Abstract

Summary Analytical models have evolved in their capacity to represent the transient response of multifractured horizontal wells producing from unconventional reservoirs. However, as is common with analytical solutions, they are based on simplified reservoir/well geometries and flow-pattern assumptions that inherently restrict their scope of application. Their use for analyzing flow scenarios that transcend their scope is thus prone to errors. This paper documents a semianalytical model that overcomes the aforementioned limitations, and thereby expands analysis to the realm of reservoir/well architectures that are inaccessible to analytical models. Our solution is based on the Laplace-transform boundary-element-method (BEM) implementation of the Green's function solution of the diffusivity equation. We represent the reservoir as a 2D composite system, with the outer boundaries and the interface between reservoir regions discretized appropriately. With the collocation procedure, the solution is distilled to a system of algebraic equations that is solved for the reservoir's transient response. The hydraulic fractures need not be regular (equidistant and/or isometric), as is required by most analytical models; instead, they can traverse arbitrary spatial orientations and dimensions with respect to the horizontal well. We demonstrate the application of our solution by modeling multifractured-horizontal-well performance with two verification cases and three synthetic examples.
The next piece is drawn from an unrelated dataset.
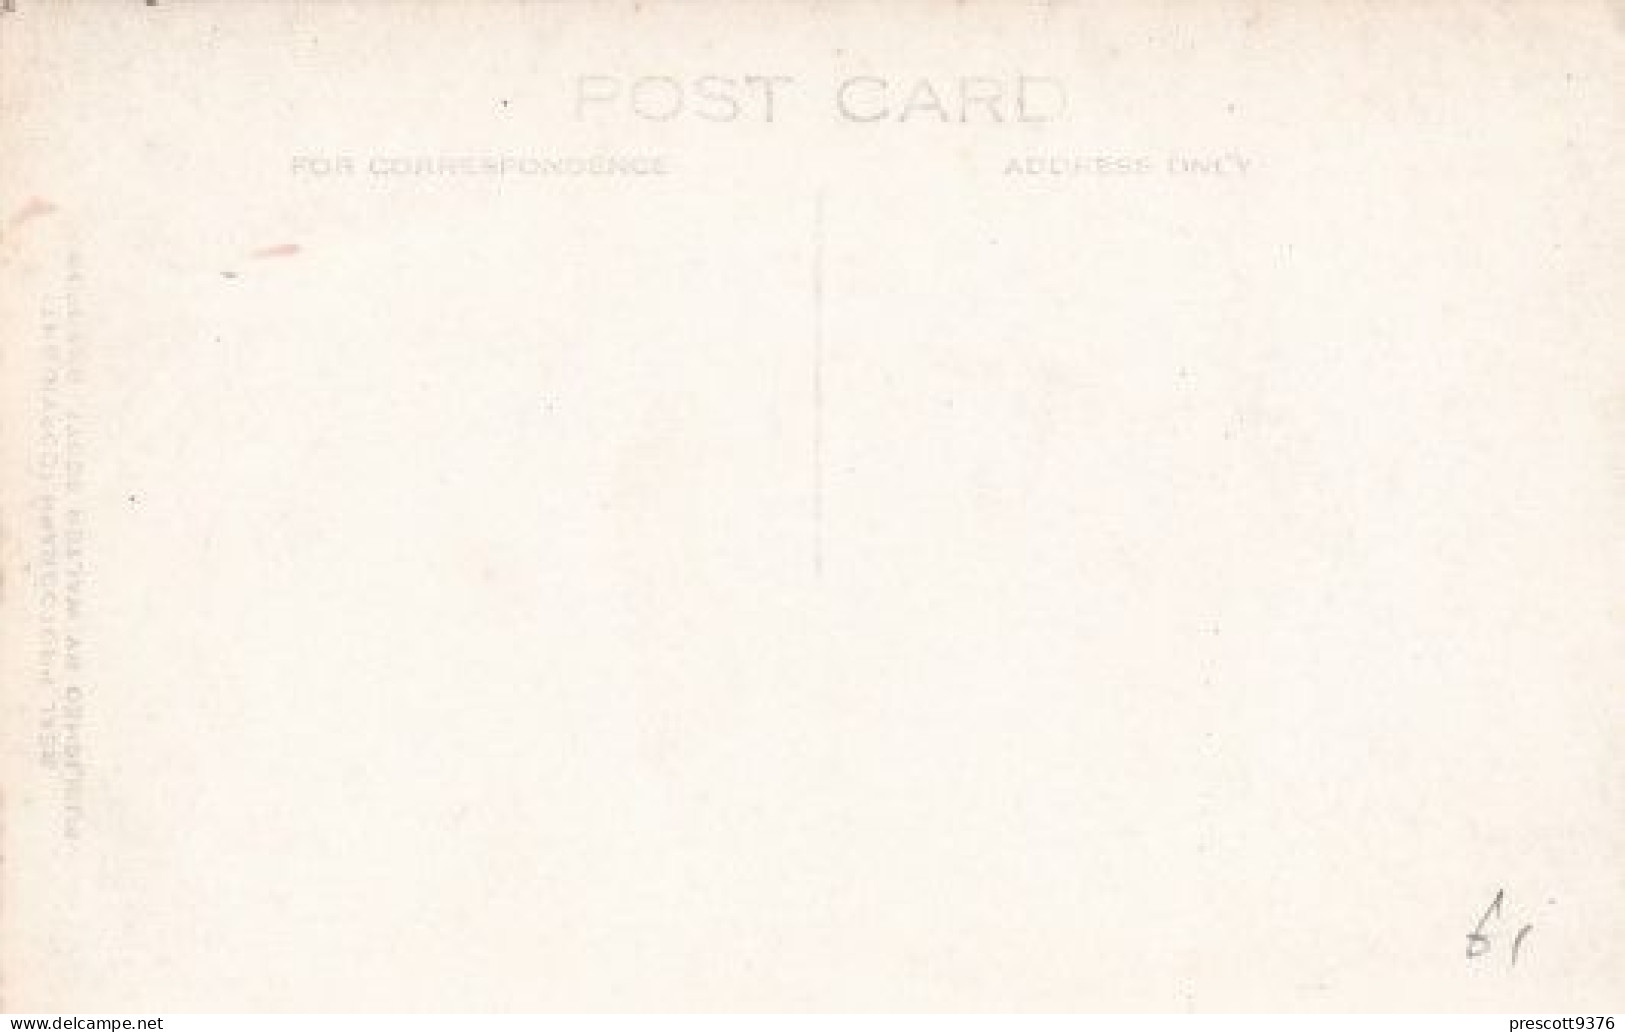 Kings & Clare Colleges - Cambridge - Unused Postcard - Cambridge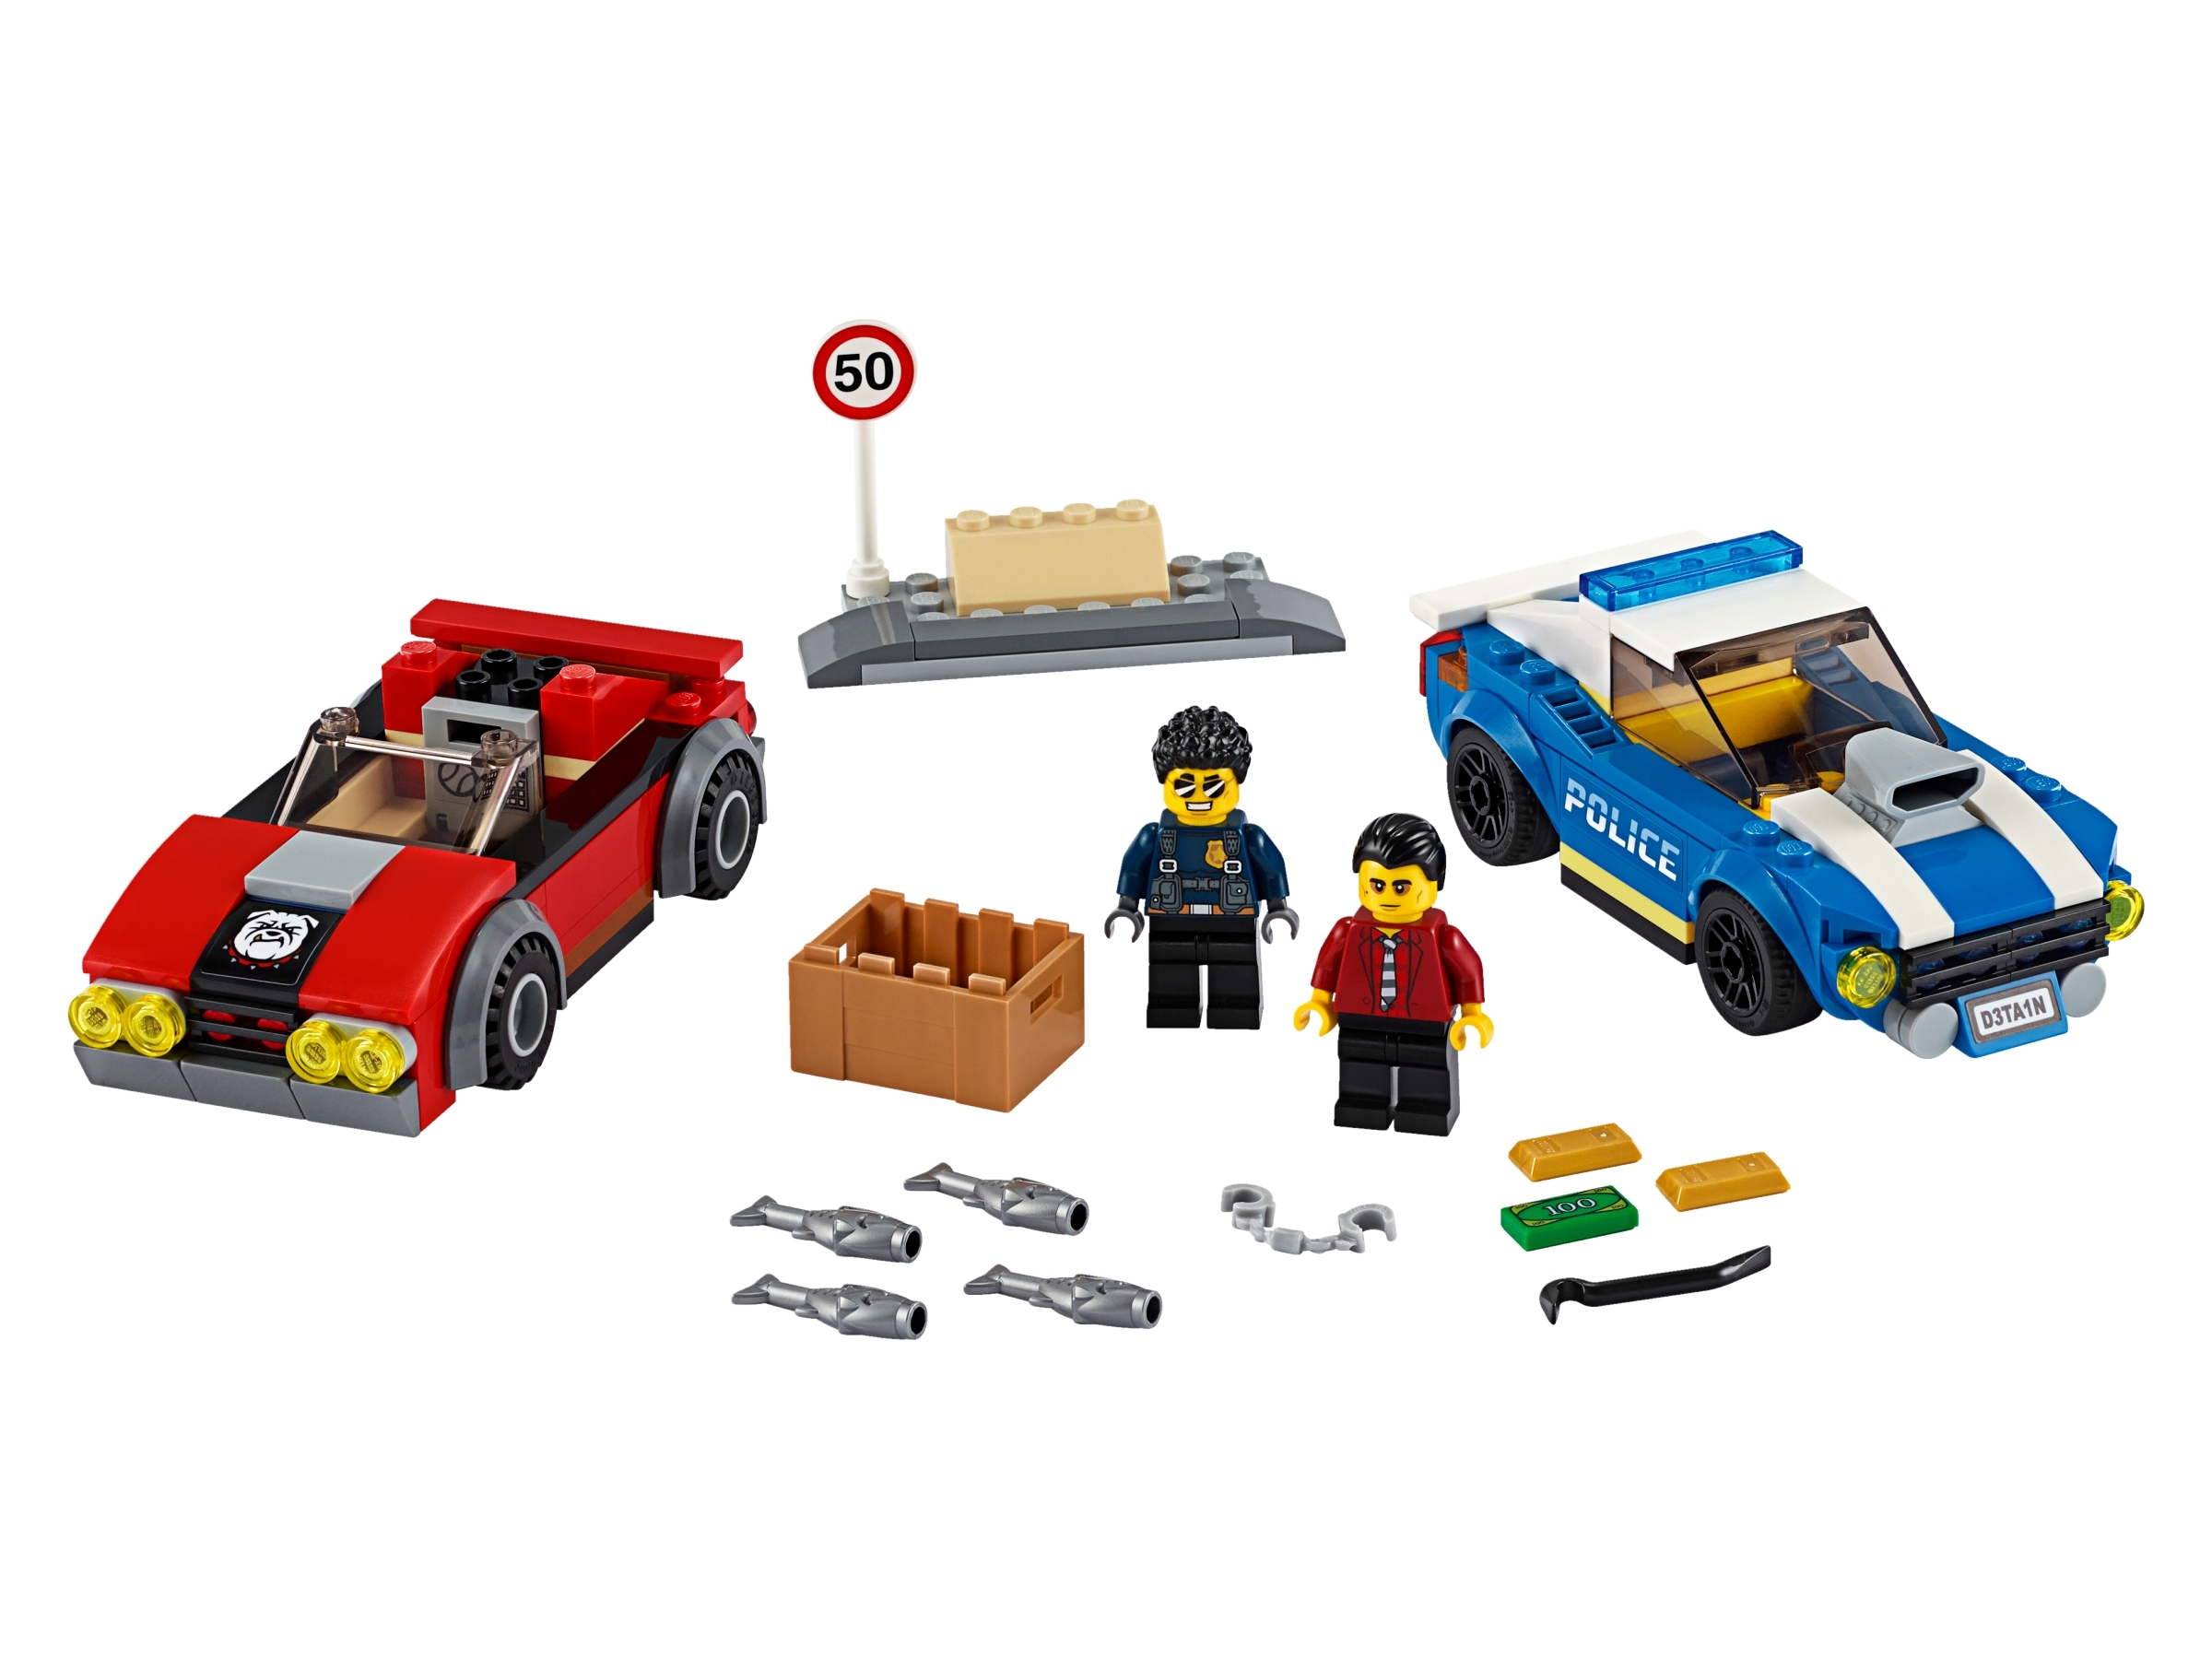 LEGO City Aresztowanie na autostradzie 60242

The first example showcases a multifractured horizontal well traversed by identical, evenly spaced, fully penetrating, vertical hydraulic fractures within a stimulated reservoir volume (SRV). The second example models an enhanced-permeability region local to each hydraulic fracture as opposed to a single SRV housing all the fractures. The last example typifies complex fracture geometries, where the fractures have different half-lengths, spacings, and orientations. Besides showing that all the verification and example cases are in excellent agreement with numerical solution, we demonstrate the utility of our solution for modeling variable-rate flow commonly observed in practical field-production scenarios, showing its potential for history matching and forecasting the performance of multifractured horizontal wells.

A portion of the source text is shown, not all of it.